Design D3 includes several highly dense regions that also include timing-critical (start) endpoints that span across many paths of the design. When composing new MBRs in such dense regions, the rest of the cells in the region are slightly moved, even if they don't participate in the newly-formed MBRs. How far the rest of the cells move from their original positions depends on the internals of the detailed placement engine, and how it prioritizes each cell's type (sequential or combinational), its area, or its timing criticality. In the case of D3, the slight displacement of timing-critical cells that affect many timing endpoints (mostly single-bit register cells that didn't participate in MBR composition) causes a cumulative effect that increases the TNS of the design.



Fig. 9. The average percentage of change in the utilization per edge for each group of edges that initially exhibited similar utilization (globally).
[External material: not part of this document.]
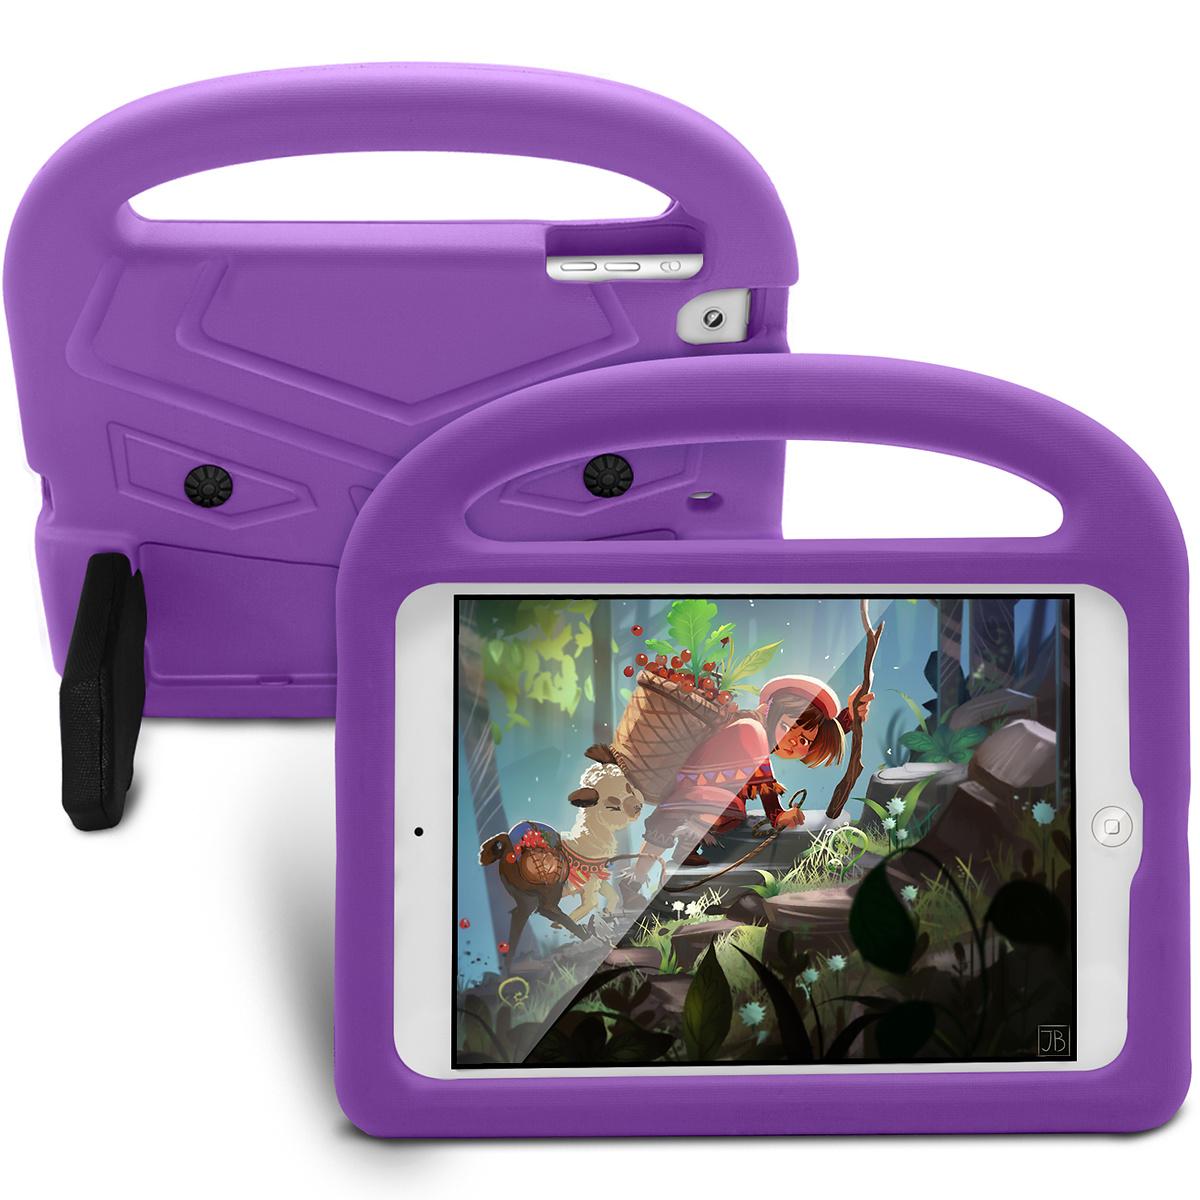 Barnfodral med ställ lila, iPad mini 2/3/4/5

After MBR composition, initial low-utilization edges receive more load, thus increasing on average their utilization, while edges with high utilization on average receive less load.

There is no timing degradation if we avoid MBR composition in regions with excessive cell density. However, this approach leads to fewer composed MBRs, and to more registers in total at the end. The results given in the paper do not take such precautions, and every region (independent of its utilization)

participates in MBR composition. This fully unconstrained approach decreases the total number of registers to 21722 (37% savings - initially there were 34519 registers) with a 50% TNS overhead relative to the initial design. When we skip the registers that belong to regions with more than 95% cell density, then the total number of registers becomes 22467 (34% savings relative to the initial design) while setup timing (WNS and TNS) is not degraded. Further decreasing the density cut-off threshold, as tested with additional experiments for 90% and 85% densities, increases register count without a noticeable difference in TNS.

A similar trend is observed regarding the final clock skew. The majority of the simplified clock trees produced after MBR composition demonstrate improved behavior with respect to clock skew, except in D1 and D4, where clock skew is marginally worse, due to an unfavorable placement of the MBR cells.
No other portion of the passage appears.